Decomposing the whole system into smaller domains can also improve the accuracy of scipy.spatial.Voronoi for large systems, since Qhull’s floating-point tolerance scales with the system span; see issue #38.

3.2. Repeated build steps

For repeated calls with n_workers > 1, put the time-stepping loop inside the context manager. This creates the worker processes once and reuses them across build steps:

dt = 0.01
n_steps = 100

with sim:
    for step in range(n_steps):
        diag = sim.build()
        points += diag["forces"] * dt
        sim.update_positions(points)

If the context manager is not used, each call to build creates and shuts down a new process pool. That is usually slower in a loop.

Important

When using multiprocessing in a Python script, put the executable code behind the standard Python guard:

def main():
    # Initialize points, phys, and n_steps here.
    sim = pyafv.ParallelFiniteVoronoiSimulator(points, phys, (4, 4), 16)
    with sim:
        for step in range(n_steps):
            diag = sim.build()
            # followed by time-stepping code...

if __name__ == "__main__":
    main()

This guard is required when Python uses the spawn multiprocessing start method. This includes Windows and modern macOS by default; Linux usually defaults to fork, but the guard is still recommended for portable scripts.

In Jupyter notebooks, the parallel simulator may still work without this guard, but long production runs are usually more robust when launched from a script.

3.3. Halo width

Each owned domain is expanded by halo_width in every direction before the local Voronoi calculation is built. If halo_width is not specified, PyAFV uses 4.01 * phys.r (\(>4\ell\)). This should be large enough that the geometry and force for an owned cell are not affected by missing neighboring cells outside the local domain.

3.4. Decomposition method

The low-level helper pyafv.decompose_points() and the parallel simulator both support two halo-collection methods:

sim = pyafv.ParallelFiniteVoronoiSimulator(
    points,
    phys,
    grid_shape=(4, 4),
    n_workers=16,
    decomposition_method="dense",
)

  • "dense" is the default. It builds a dense domain-by-point mask and is often faster for moderate systems.

  • "sorted_x" avoids the dense temporary mask by sorting points along the x-axis and querying candidate halo ranges.

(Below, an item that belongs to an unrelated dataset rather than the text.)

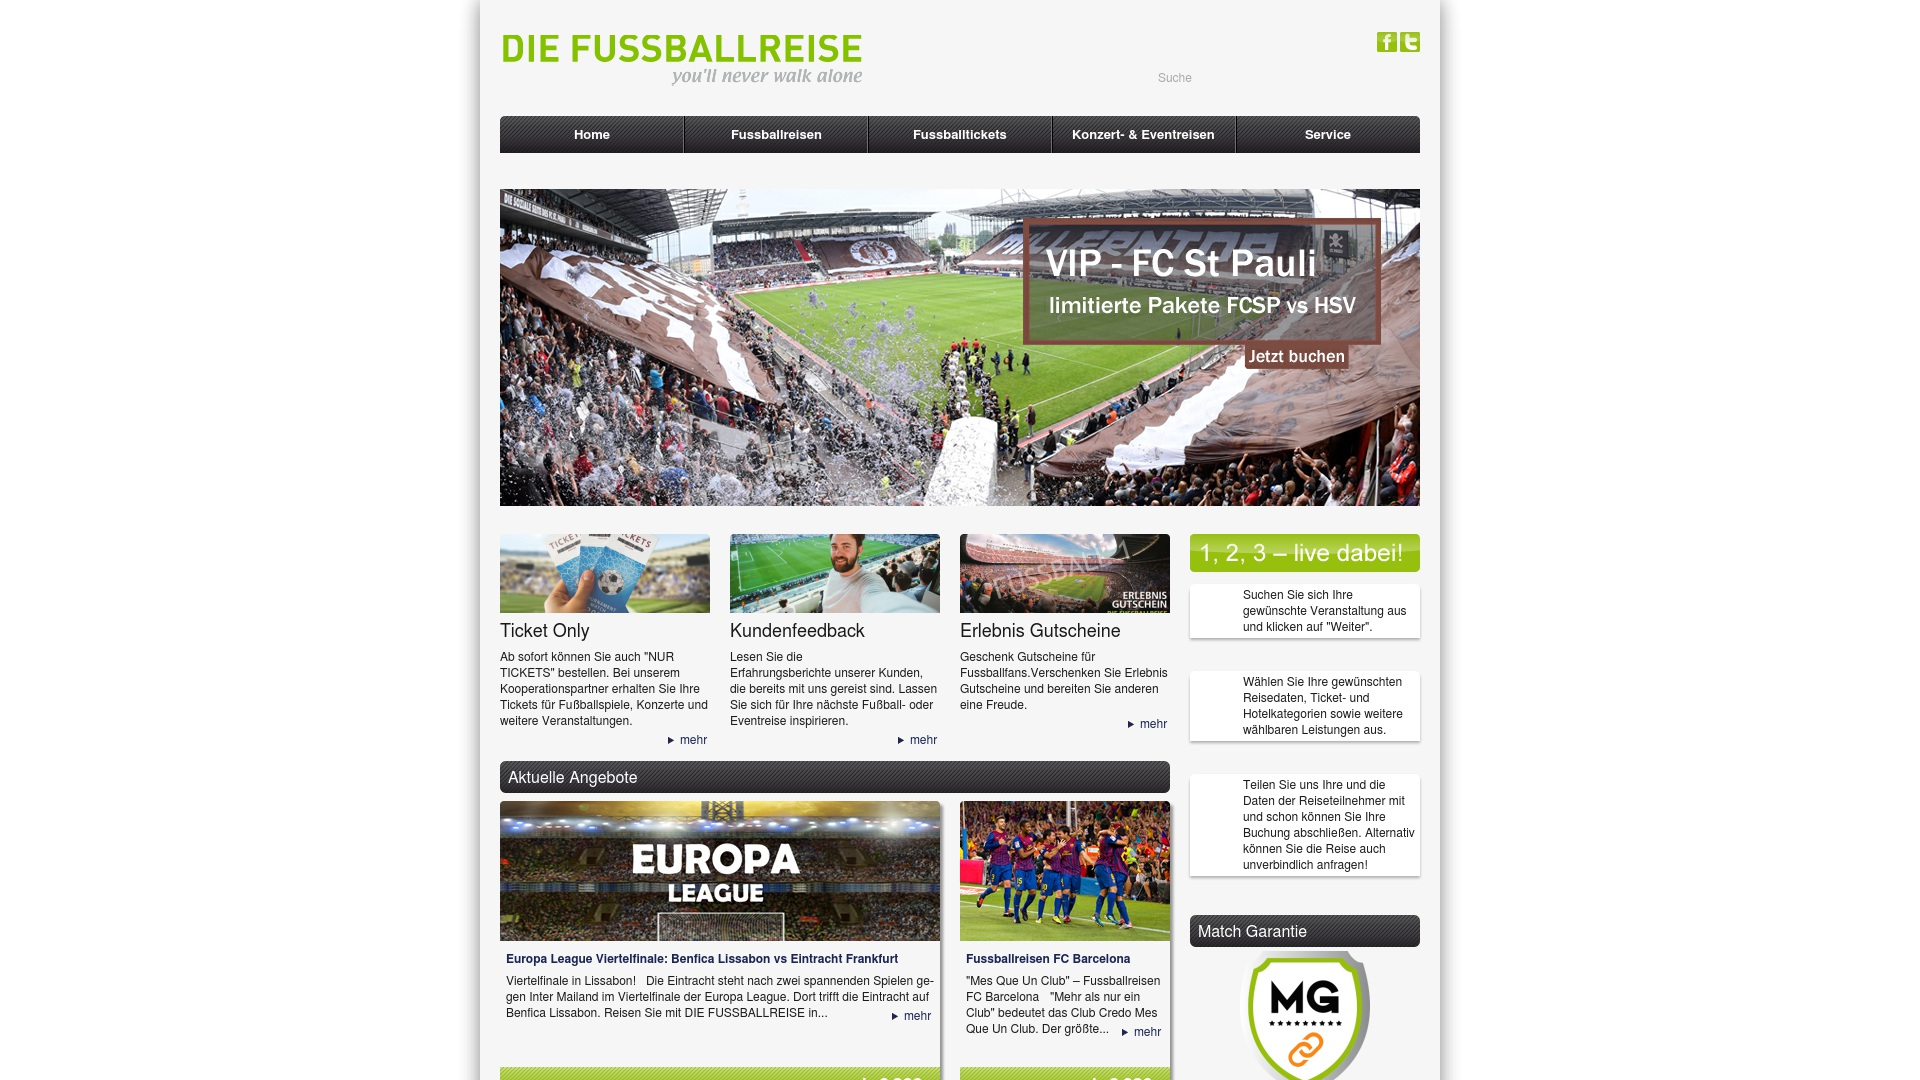 Gutschein für Die-fussballreise: Rabatte für  Die-fussballreise sichern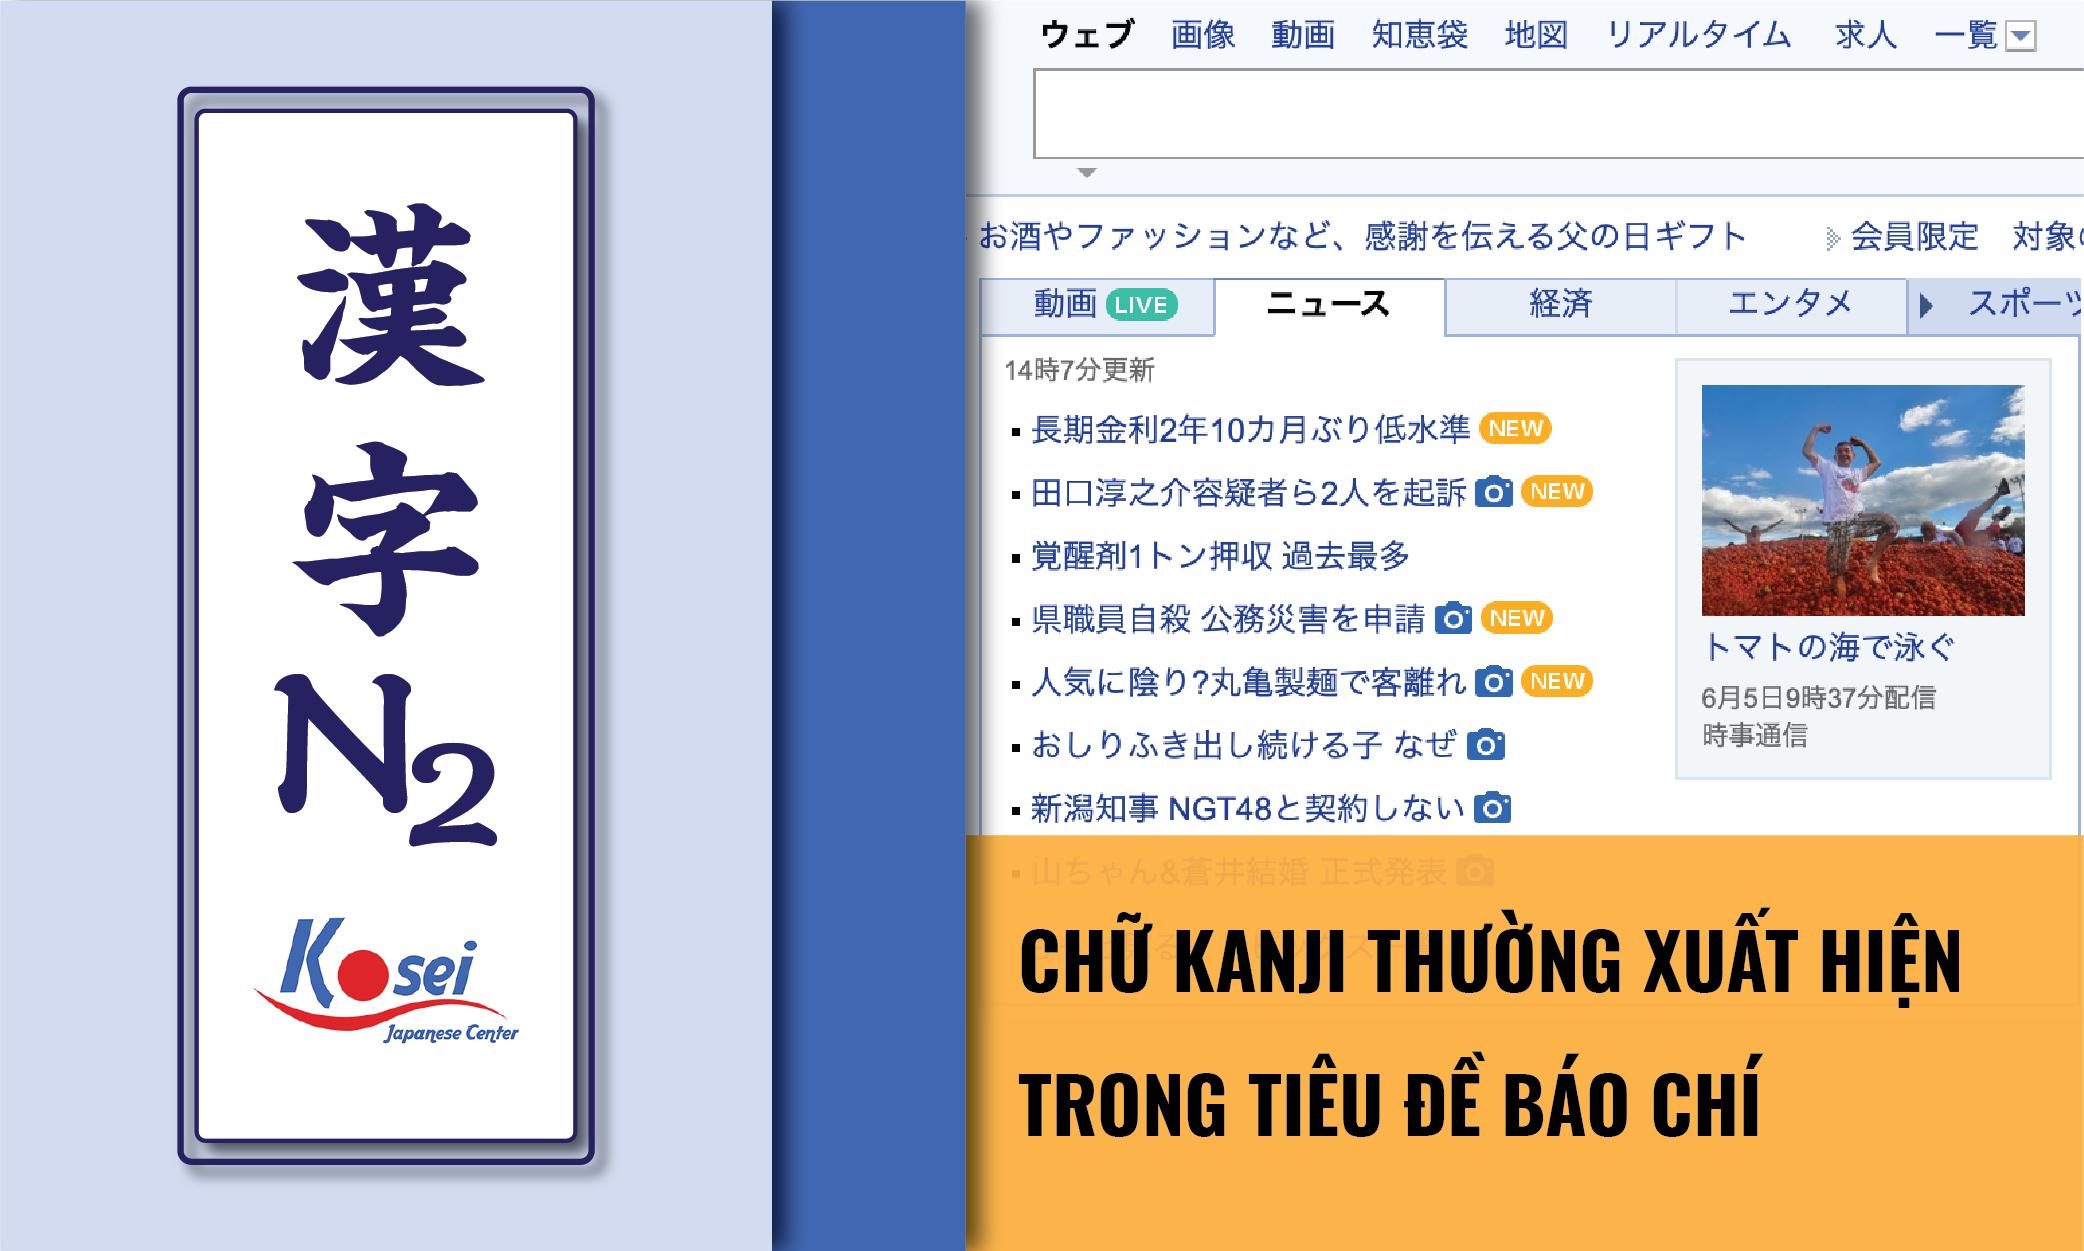 các kanji xuất hiện trên tiều đề báo

It uses less temporary memory, but can be slower for typical moderate-sized systems.

3.5. Visualization

Parallel plotting diagnostics are local to each domain and should be requested explicitly:

import matplotlib.pyplot as plt

diag = sim.build(plot_mode=True)
fig, ax = plt.subplots()
pyafv.visualize_2d_parallel(points, diag, r=phys.r, ax=ax)
plt.show()

Use pyafv.visualize_2d_parallel() for diagnostics from pyafv.ParallelFiniteVoronoiSimulator.build(); plot_mode must be set to True. Use pyafv.visualize_2d() for diagnostics from pyafv.FiniteVoronoiSimulator.build().

3.6. Running on clusters

Python multiprocessing runs worker processes on the same node as the main Python process. It does not distribute work across multiple nodes. On a Slurm cluster, use one task with multiple CPUs, for example:

#SBATCH --ntasks=1
#SBATCH --cpus-per-task=16

Then use the same number of workers in Python:

sim = pyafv.ParallelFiniteVoronoiSimulator(points, phys, (4, 4), 16)

For multi-node domain decomposition, use an MPI-based implementation instead of Python multiprocessing. PyAFV does not currently provide an MPI implementation.